I aso think that using p2p as a mechanism for distribution (particularly systems like BitTorrent) has a great deal of merit regardless of whether it's for profit or not.

Before we try and answer that, let's look at the fact the UK record industry wants to sue 28 alleged file-sharers in the UK, as well as others in Europe.

It now seems that the music industry madness is worldwide. We're getting all the same lies and half truths to justify this in the UK, along with the usual suspects wheeled out to spout them.

The key point here, though, is the music industry is wedded to a process and distribution system that expects to use physical distribution of a limited quantity and range of product. Take it to its 30 year logical conclusion - they're stuck with the need to develop the 20% of "Stars" who represent 80% of their revenue.

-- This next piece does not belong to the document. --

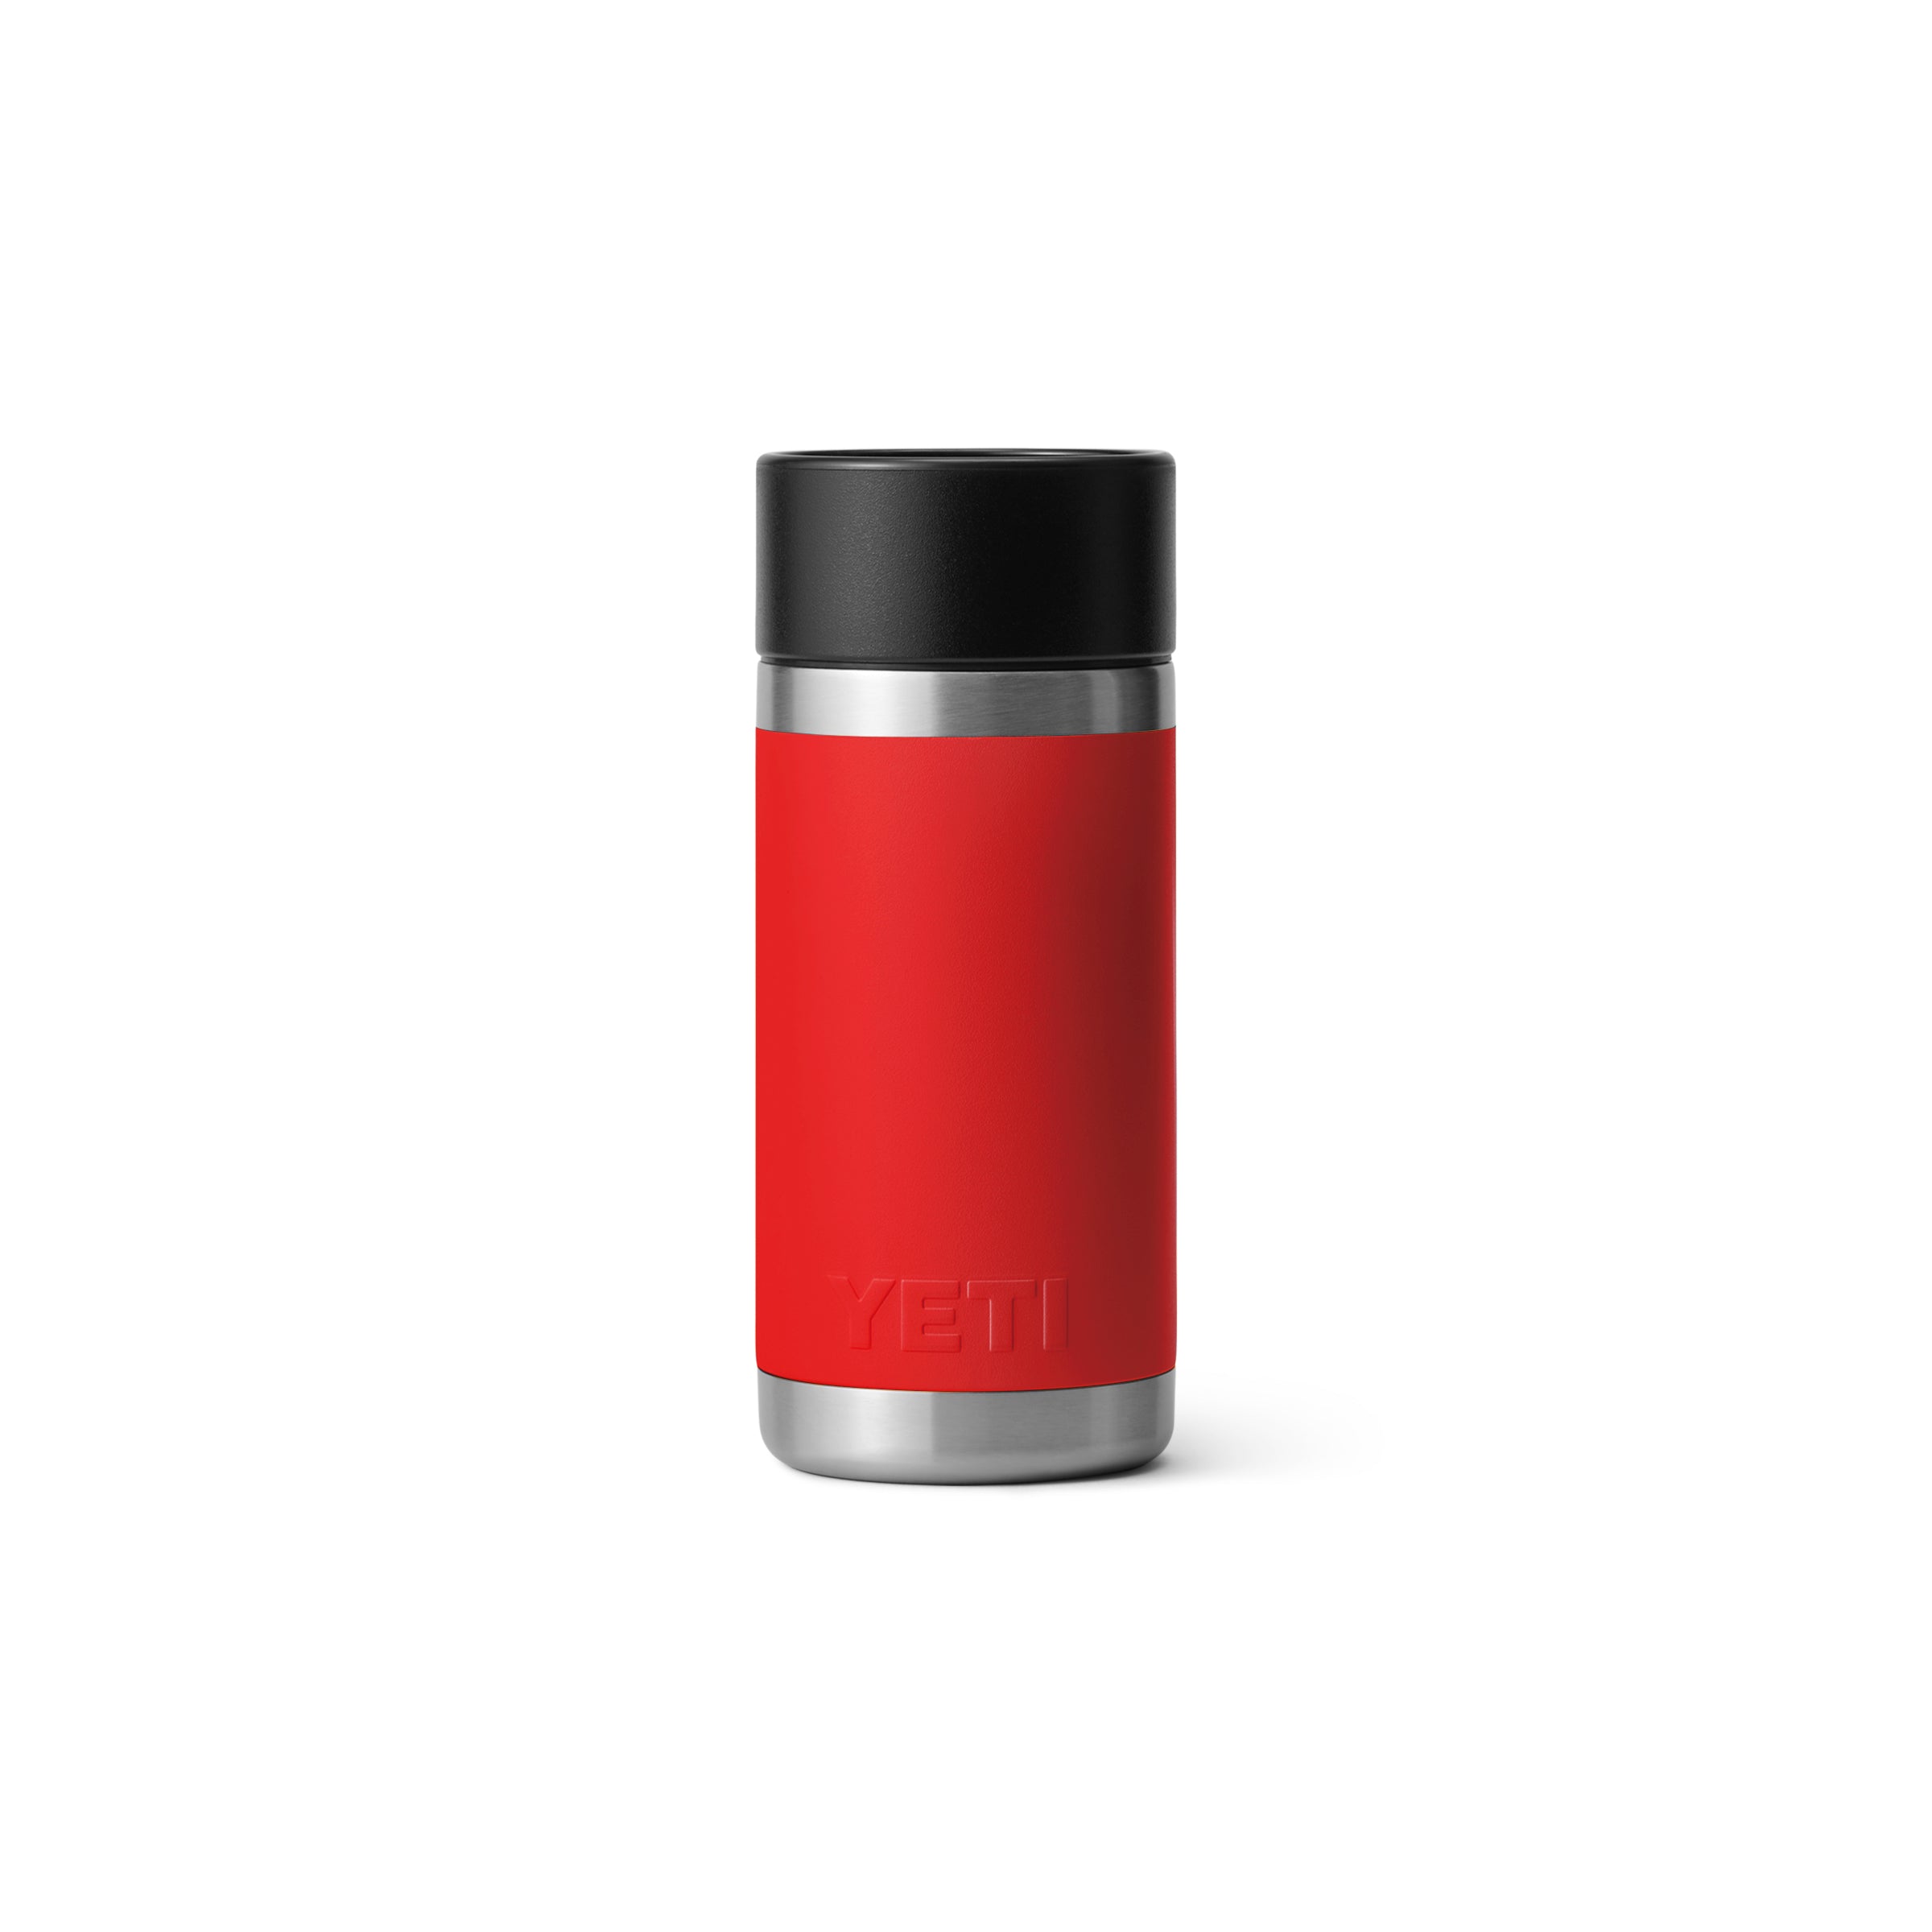 Yeti 12oz Bottle with HotShot Cap - 12OZ / RESCUE RED - Mansfield Hunting & Fishing - Products to prepare for Corona Virus

Then we have The Long Tail, a Wired article that explores the realities of Internet distribution. We've known all this for nearly 10 years now (or all the way back to Negroponte's bits vs Atoms). In Internet distribution we have economies of scale that become economies of abundance rather than scarcity. A track that's only downloaded twice a year costs no more to host and deliver than one that's downloaded two million times.

If you solve the economies of scale, then one million tracks delivered twice each costs you the same as that one hit, but generates more money.

The implication for the record companies is that they should be digitising their back catalogues and all those copyright-free recordings as fast as they can and offering them for sale at a much reduced rate.

In fact, the best business model for them for downloading looks to be huge volume of inventory allied to a premium rate for the latest hits, rapidly dropping to near zero for back catalogue.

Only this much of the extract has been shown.